== Segment start ==
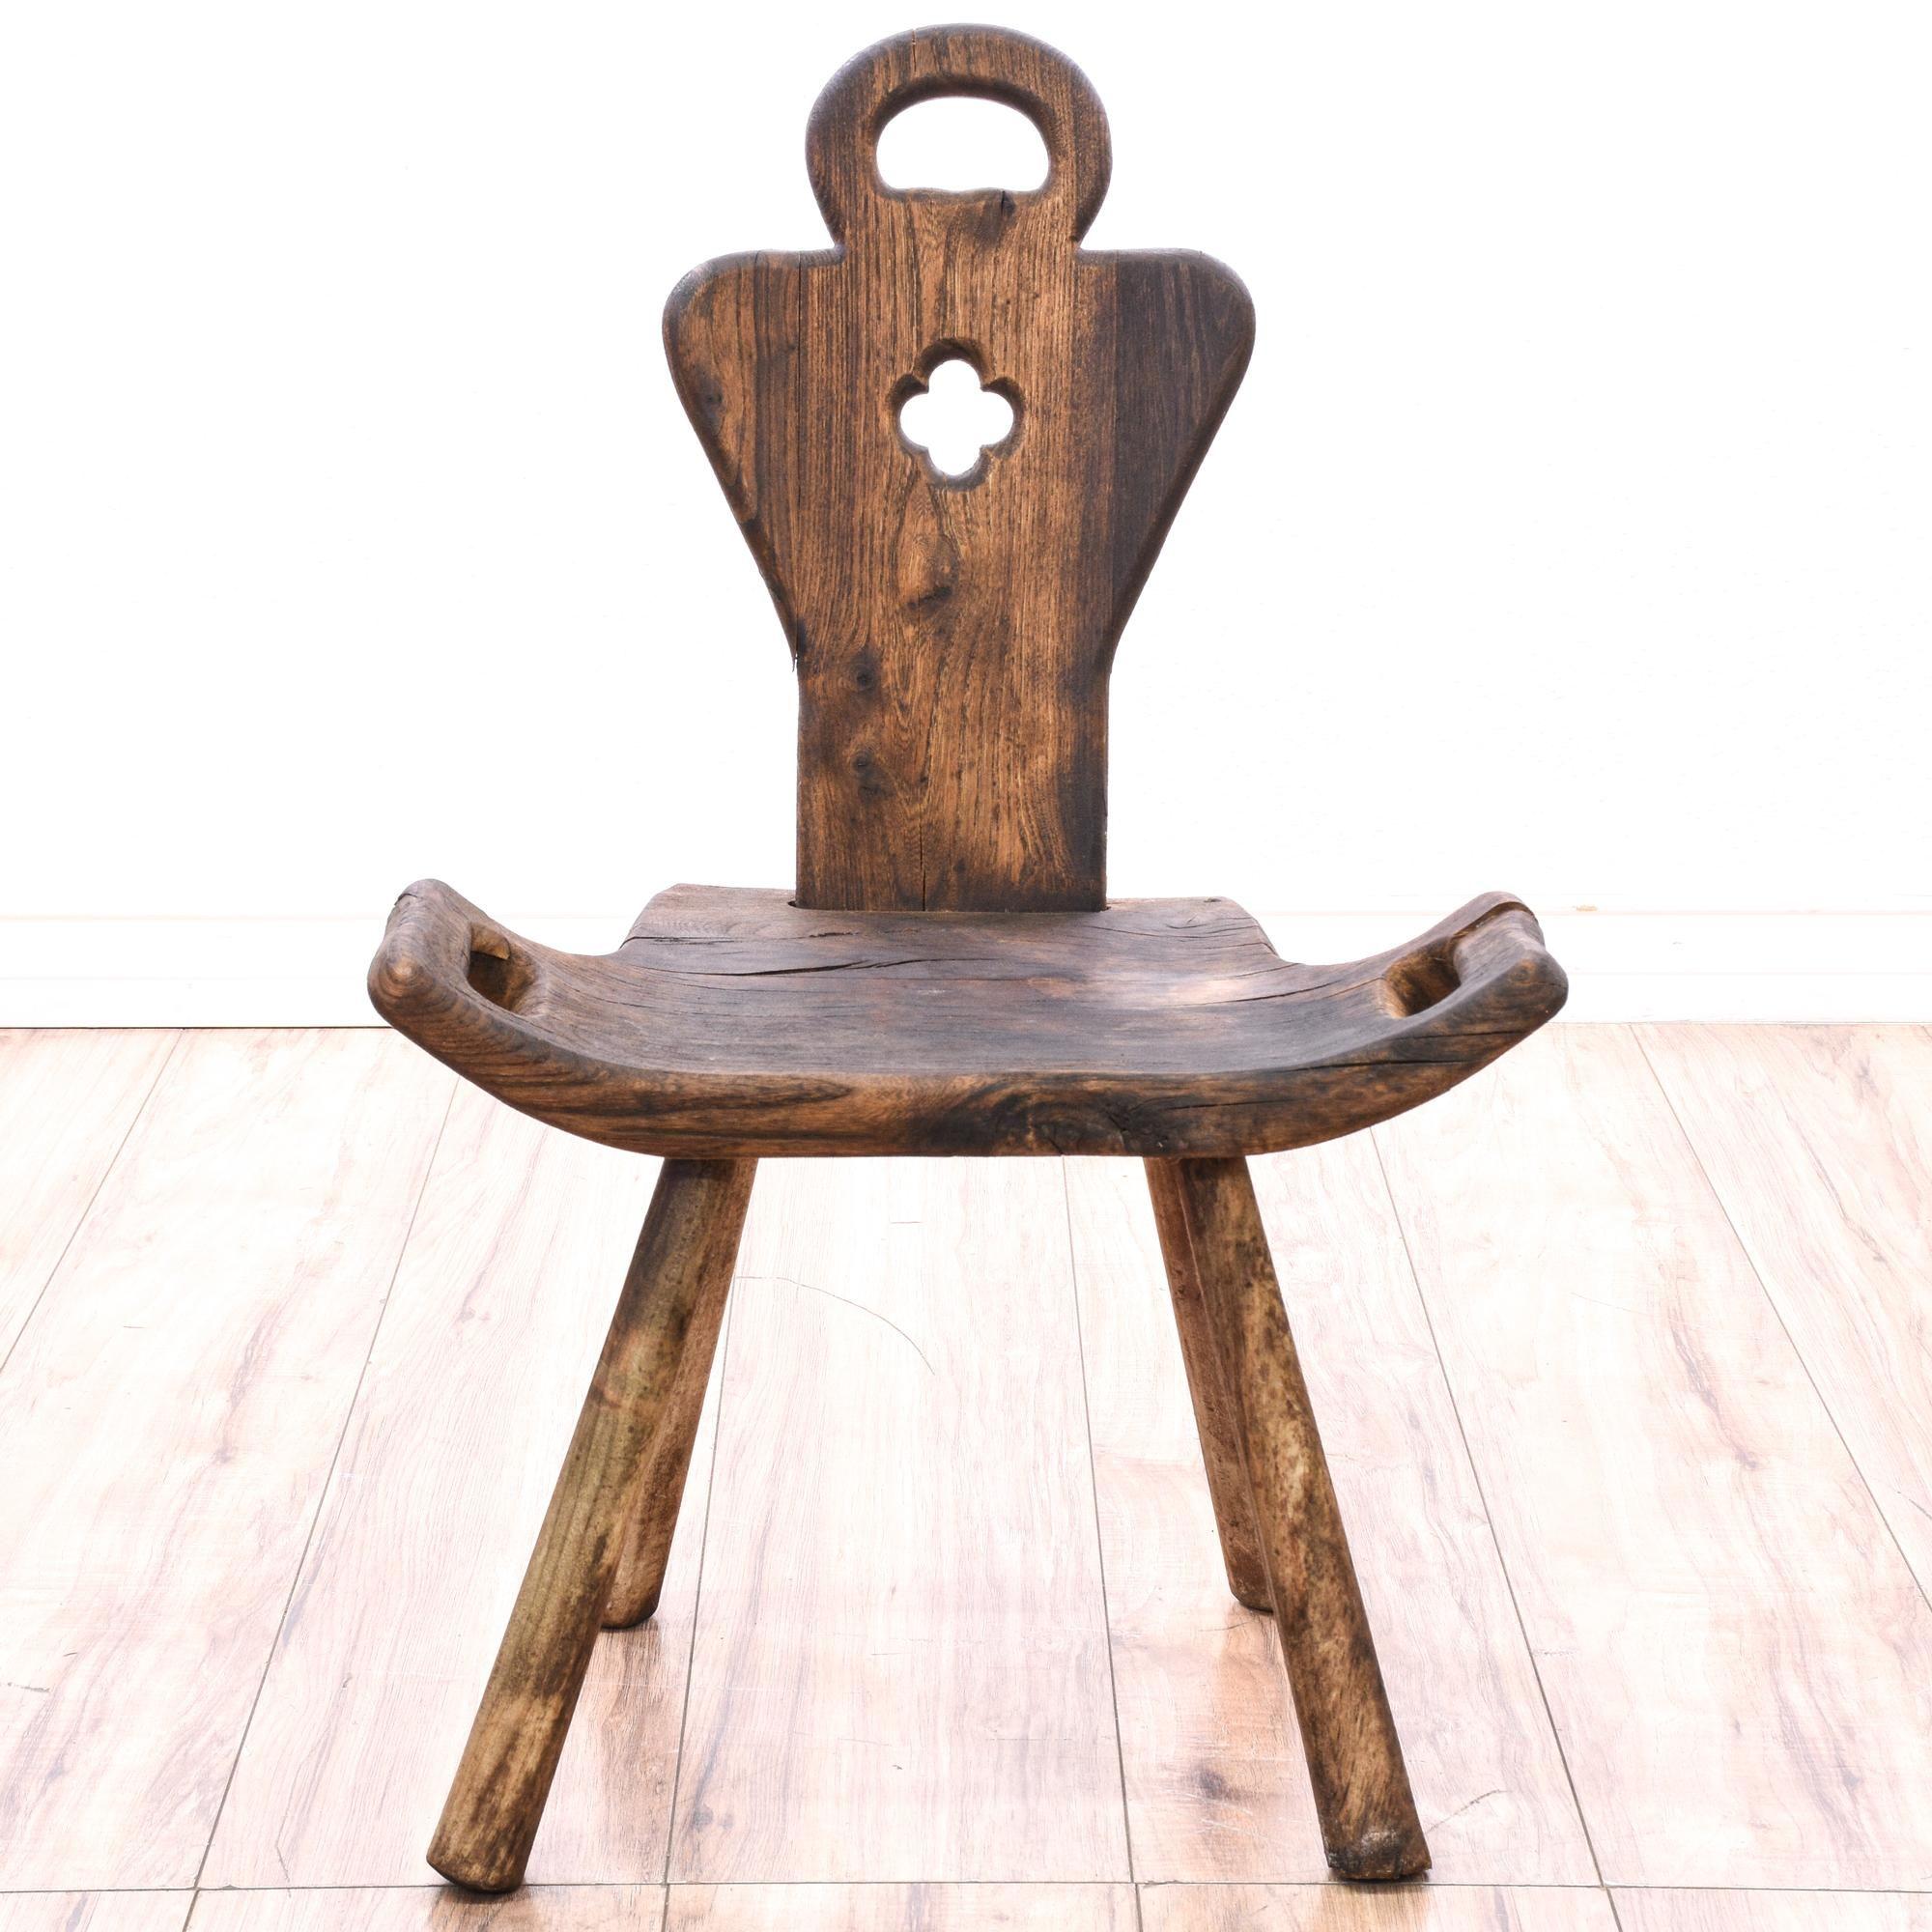 Modern birthing chair - Antique Arts Crafts Birthing Chair
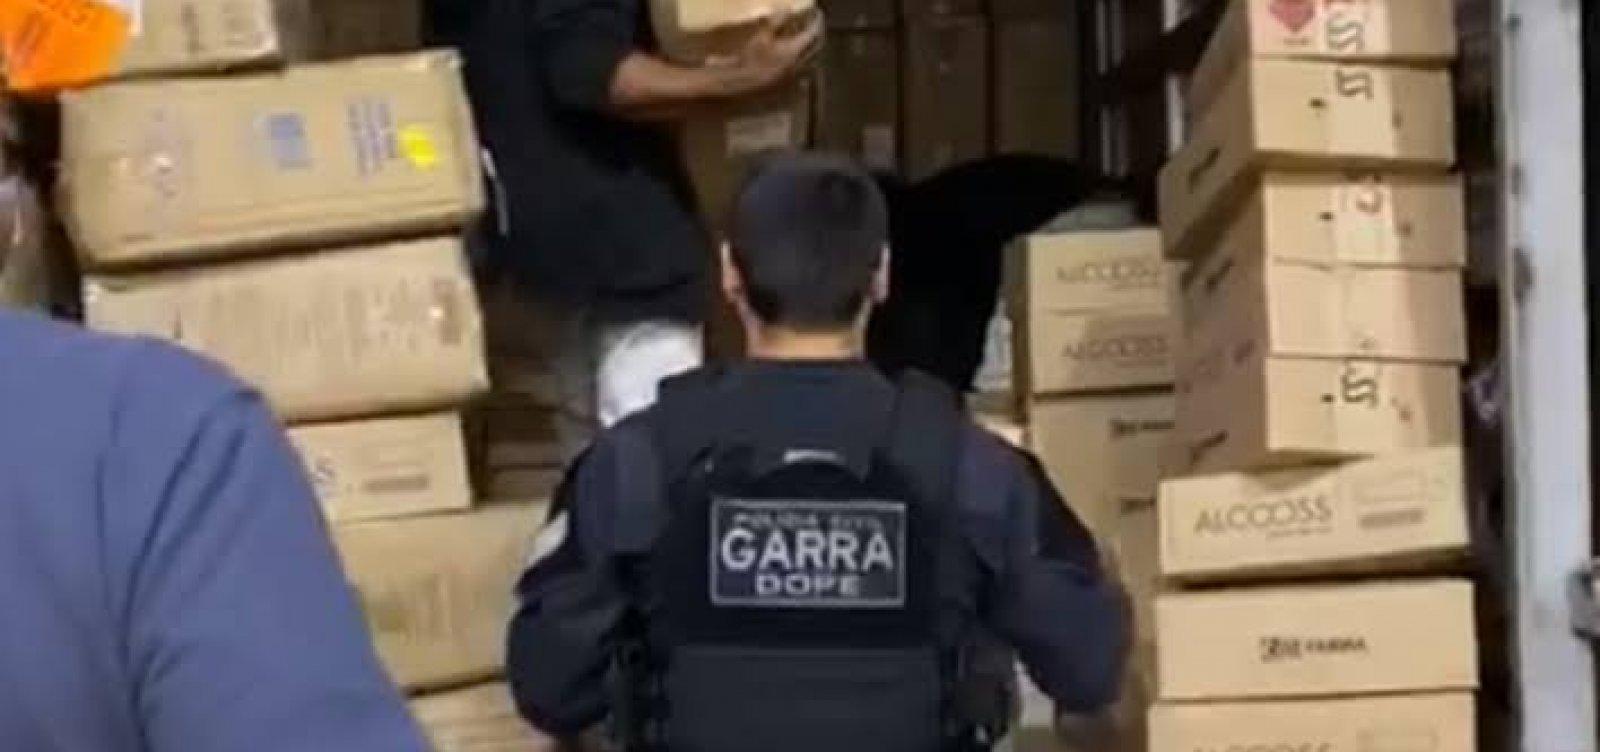 [Polícia prende quadrilha por furto de 2 milhões de máscaras e 15 mil testes de coronavírus]
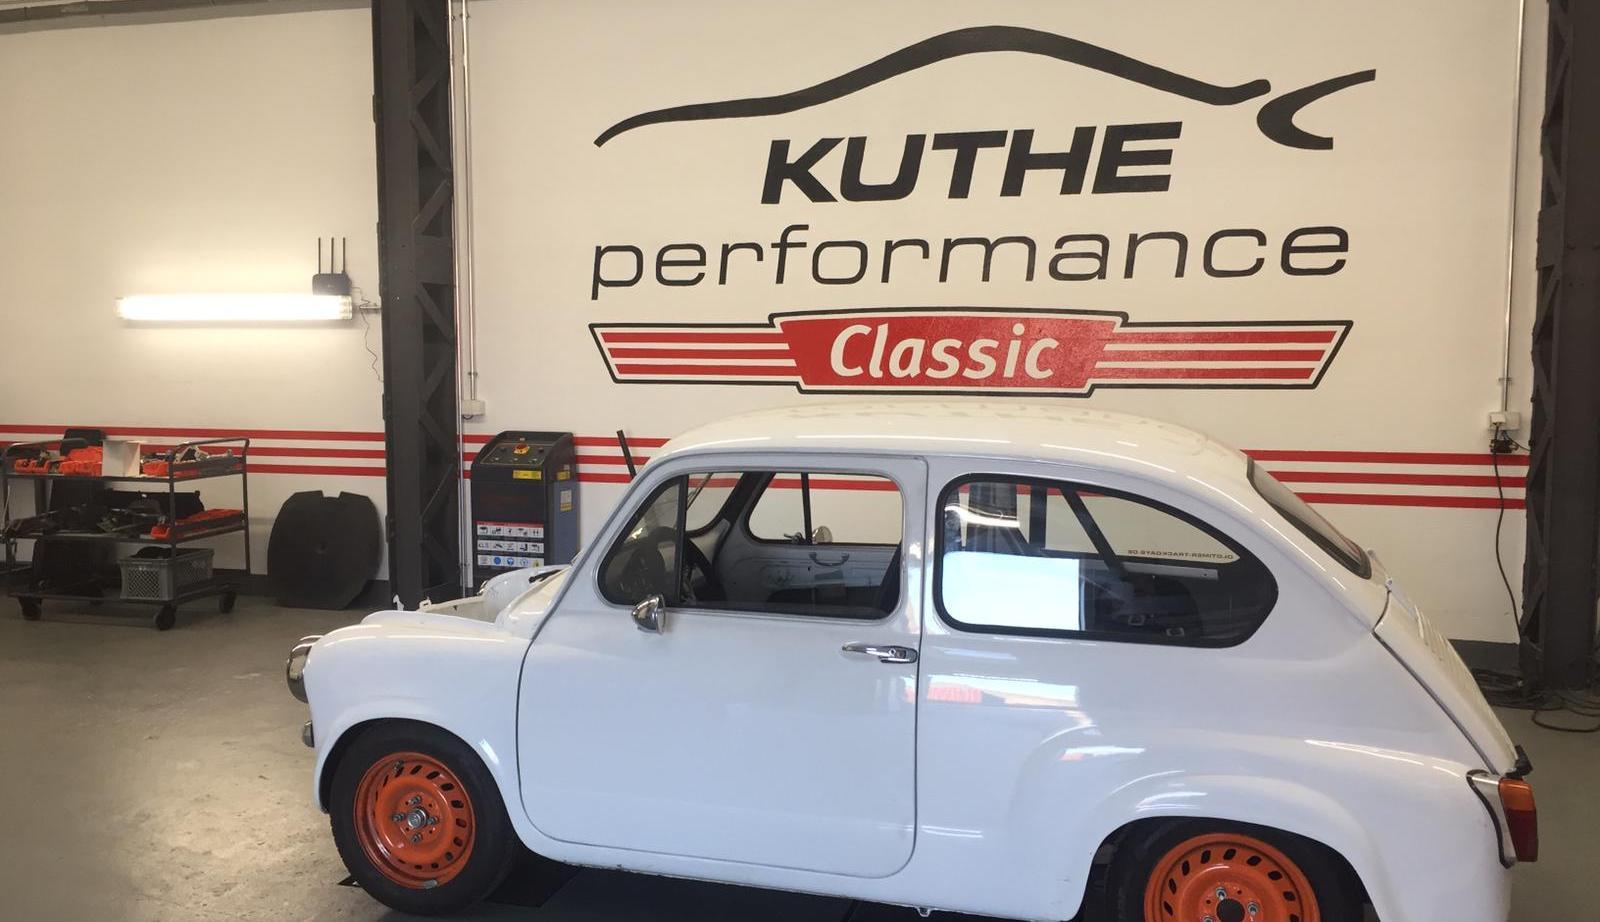 Kuthe Performance Classic
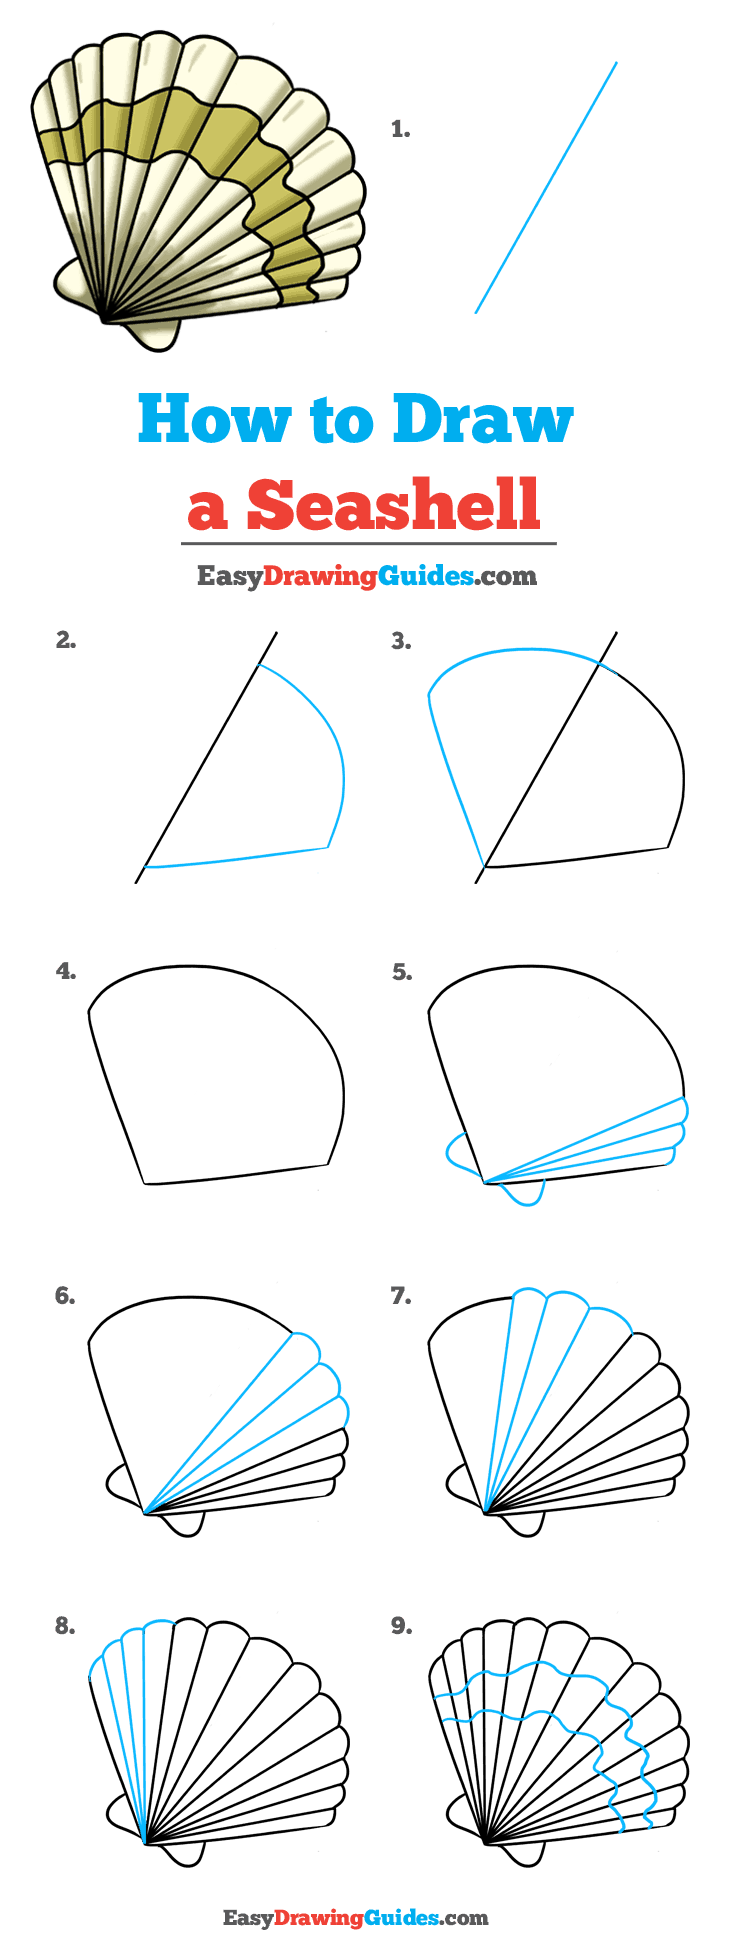 How To Draw A Seashell : seashell, Seashell, Really, Drawing, Tutorial
== Segment end ==
Give back the whole listing exactly; no pictures.

 Modern birthing chair - Antique Arts Crafts Birthing Chair
 [Polícia prende quadrilha por furto de 2 milhões de máscaras e 15 mil testes de coronavírus]
 Kuthe Performance Classic
 How To Draw A Seashell : seashell, Seashell, Really, Drawing, Tutorial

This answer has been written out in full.